----- Material provided
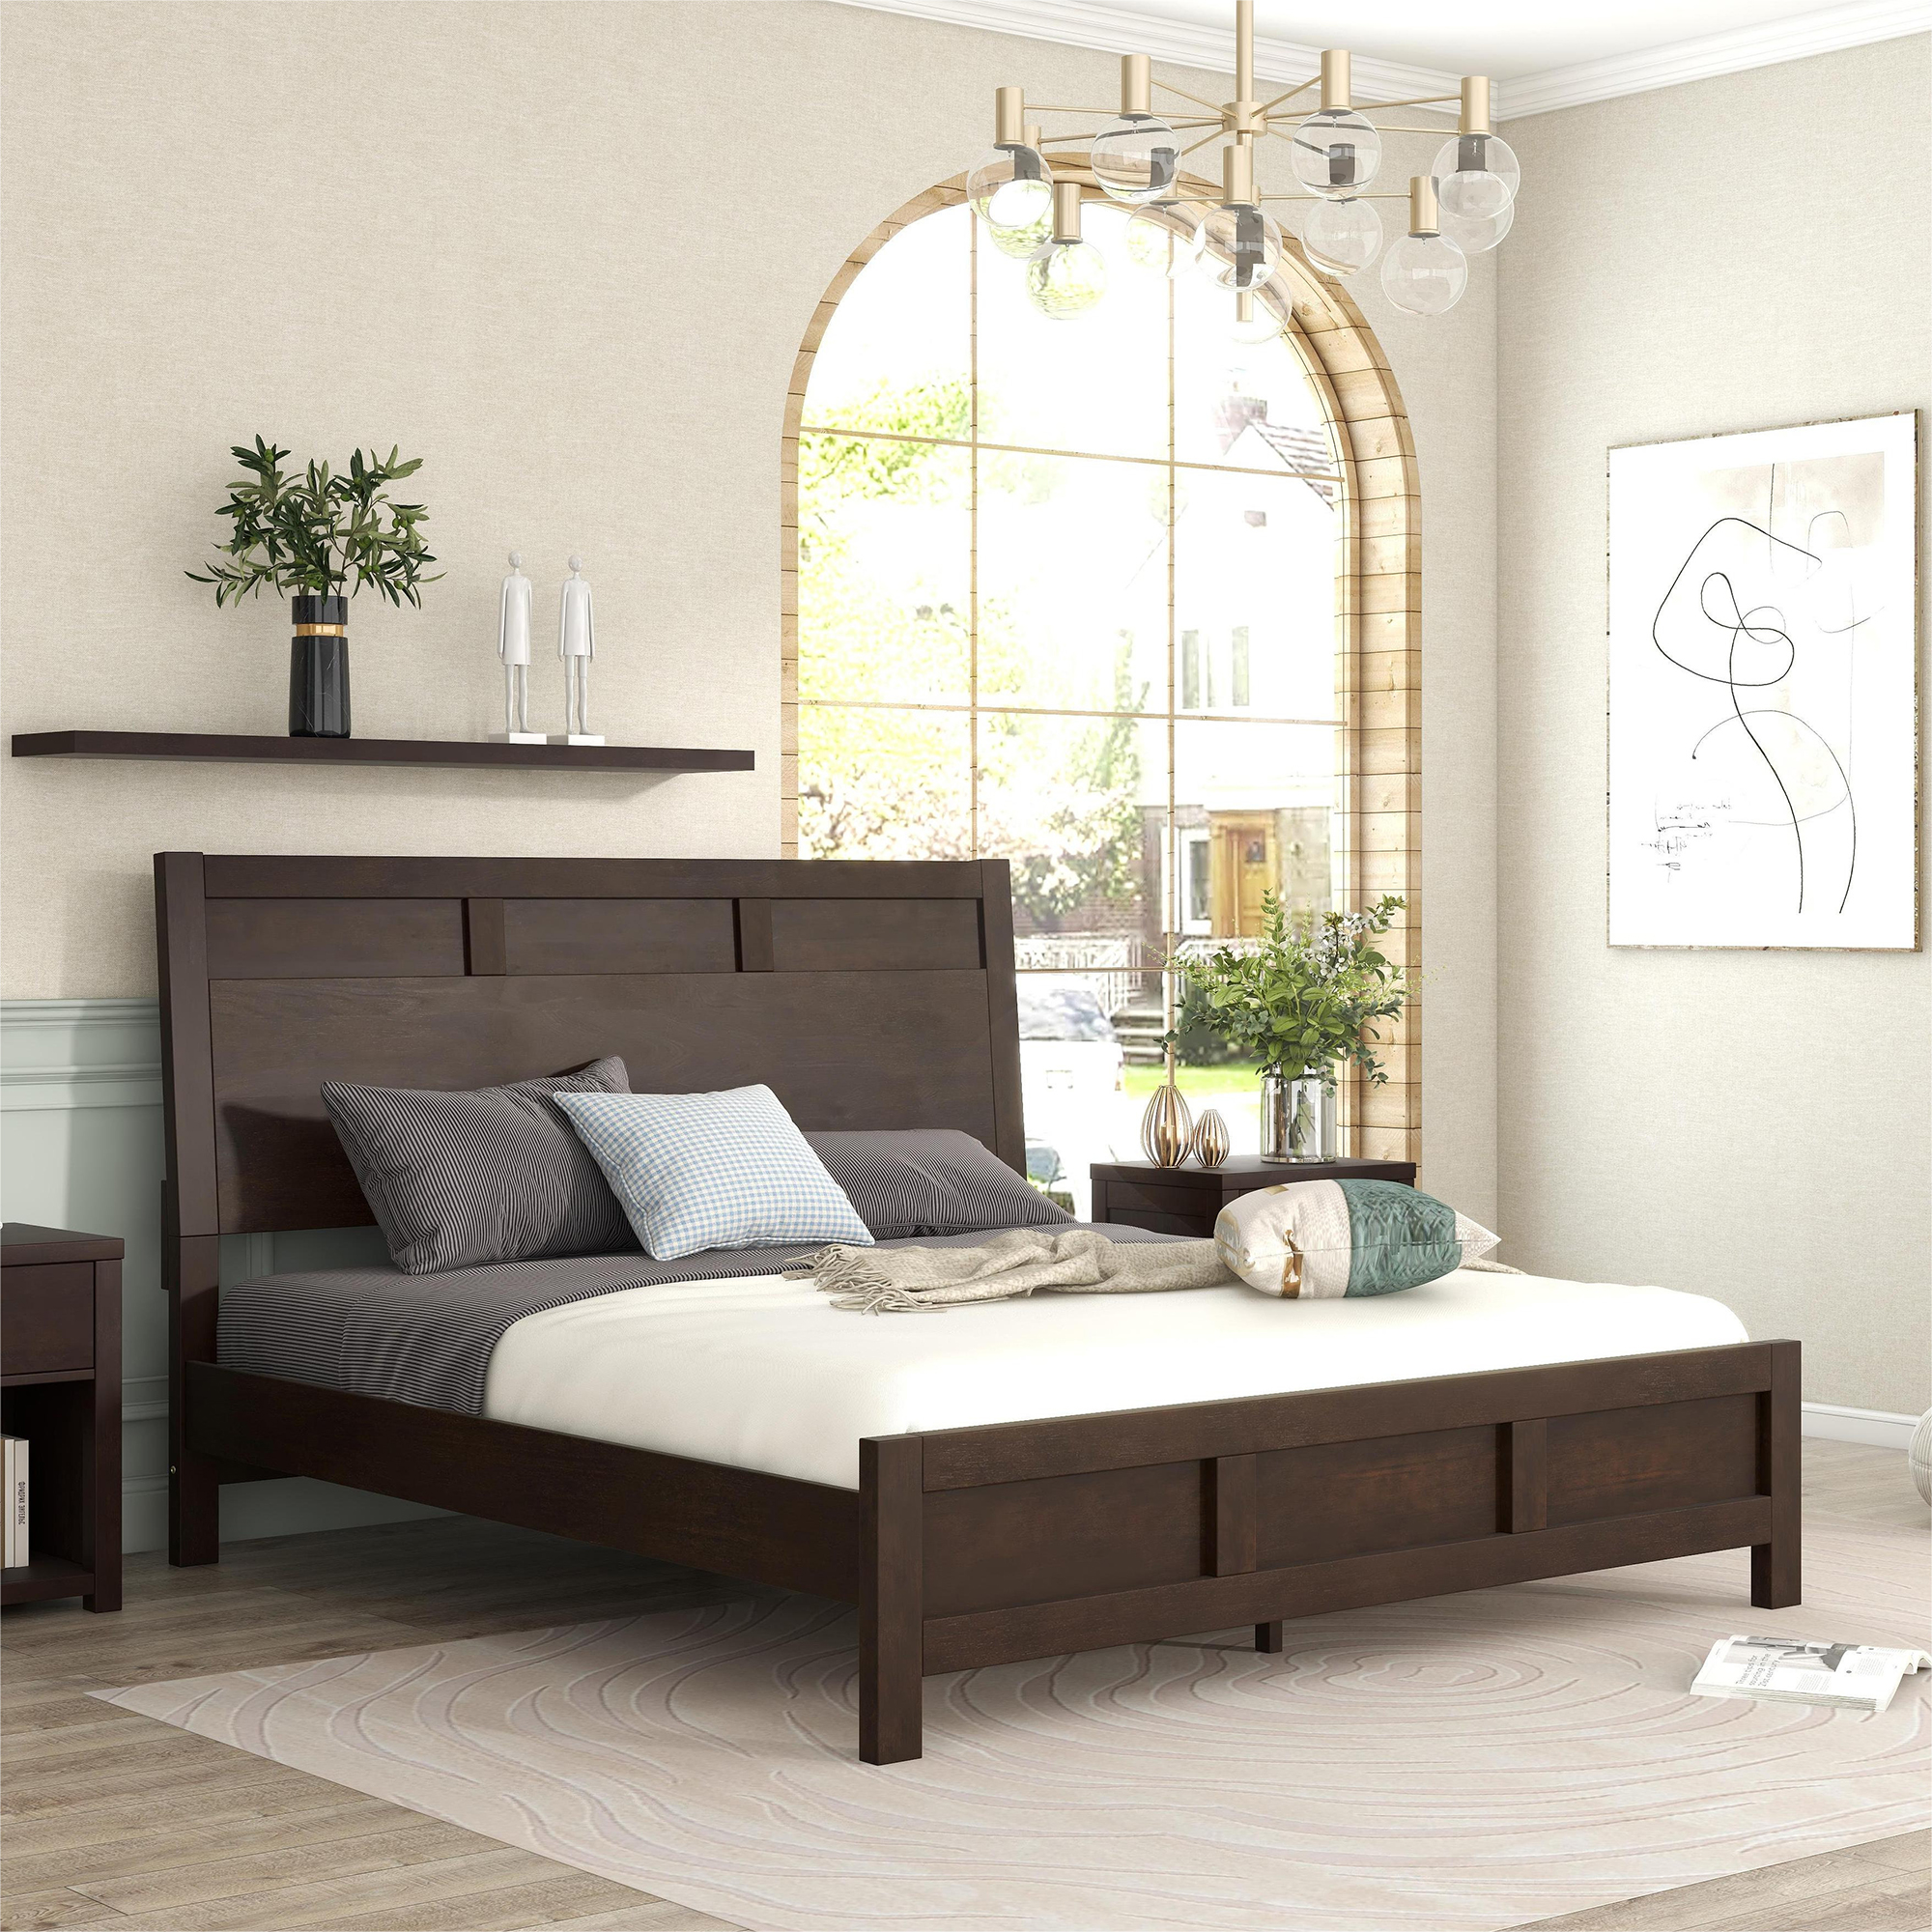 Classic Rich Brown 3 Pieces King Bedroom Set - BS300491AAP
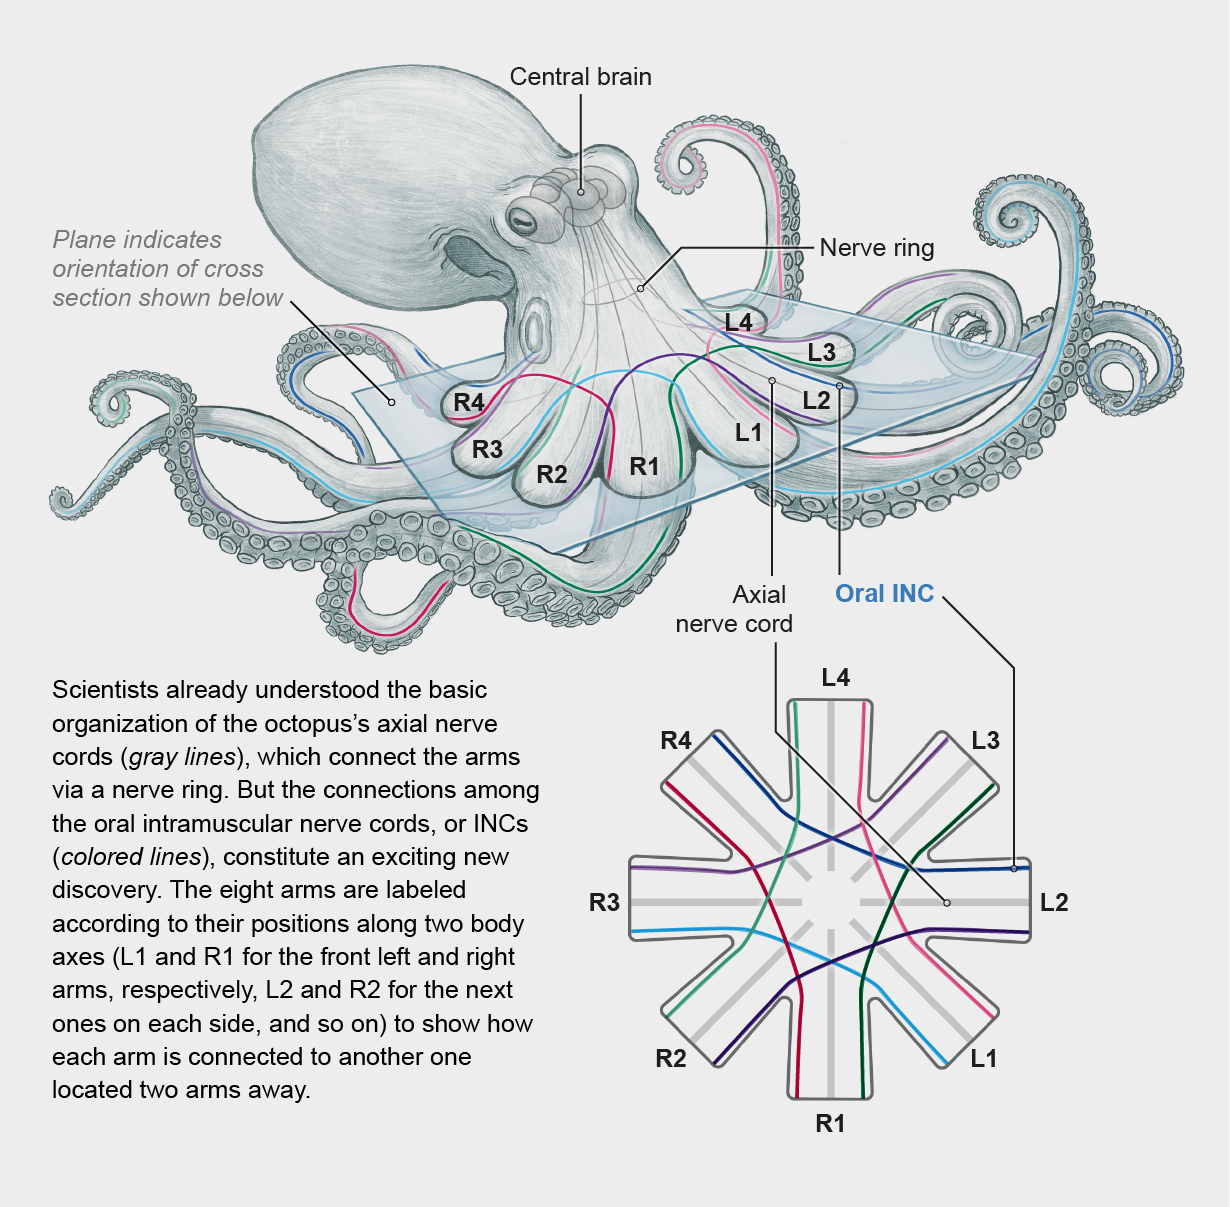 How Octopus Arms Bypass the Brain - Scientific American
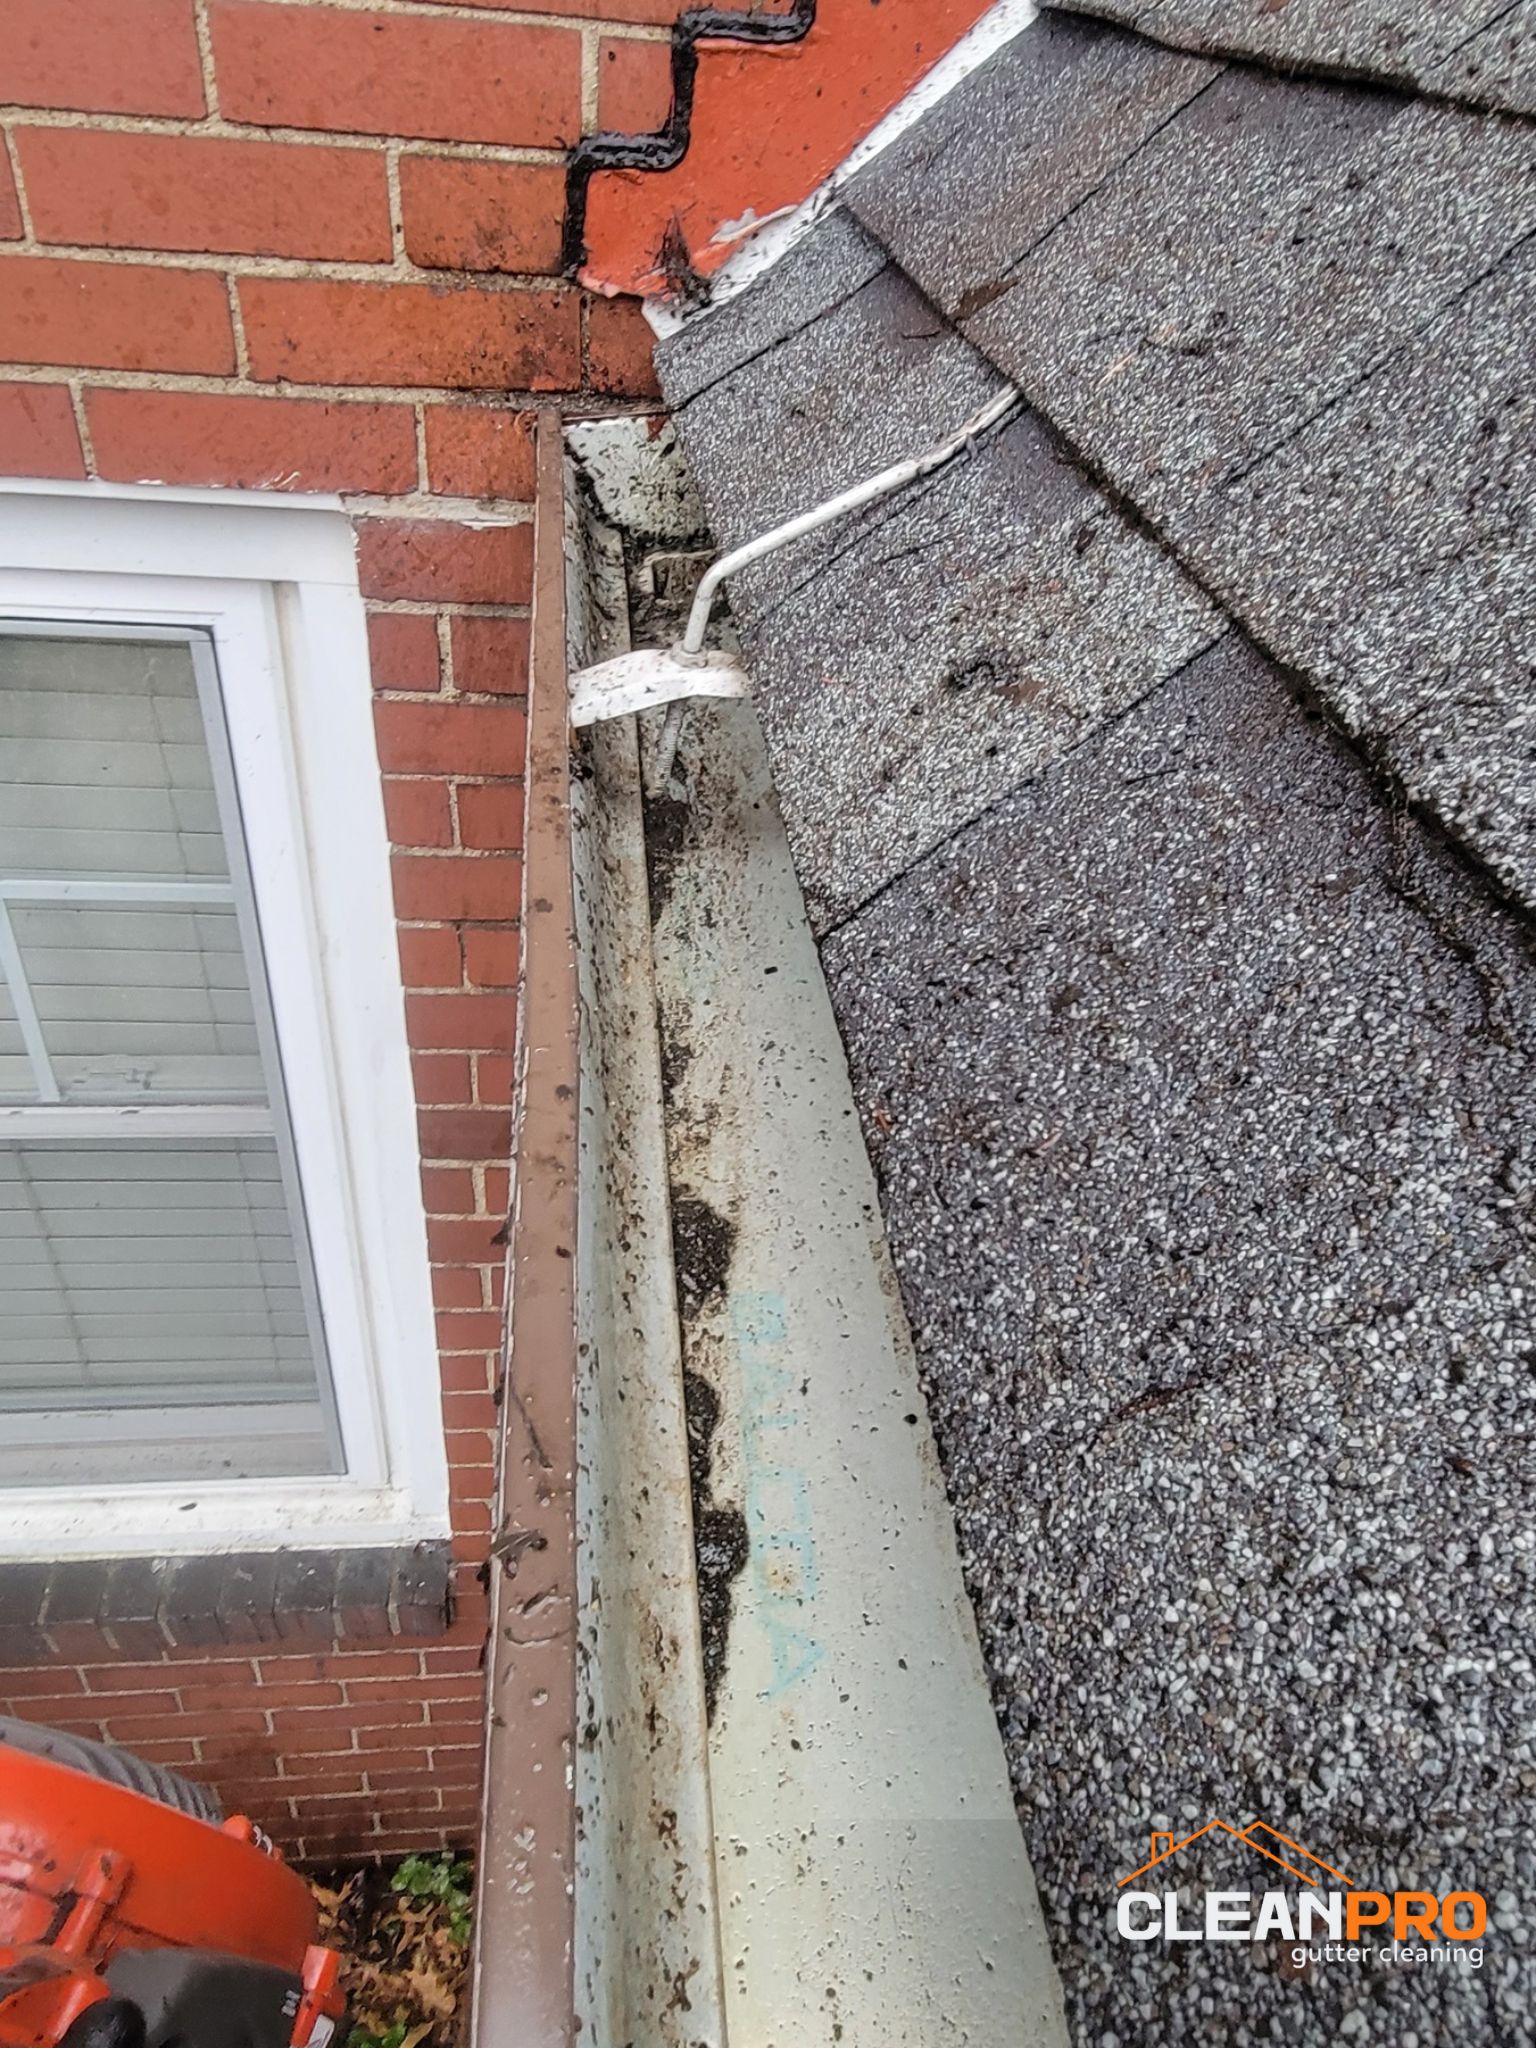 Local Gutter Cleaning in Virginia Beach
----------
* **Work to be completed**: Output the data exactly, pictures omitted.

* **Answer to this exercise**:
 Classic Rich Brown 3 Pieces King Bedroom Set - BS300491AAP
 How Octopus Arms Bypass the Brain - Scientific American
 Local Gutter Cleaning in Virginia Beach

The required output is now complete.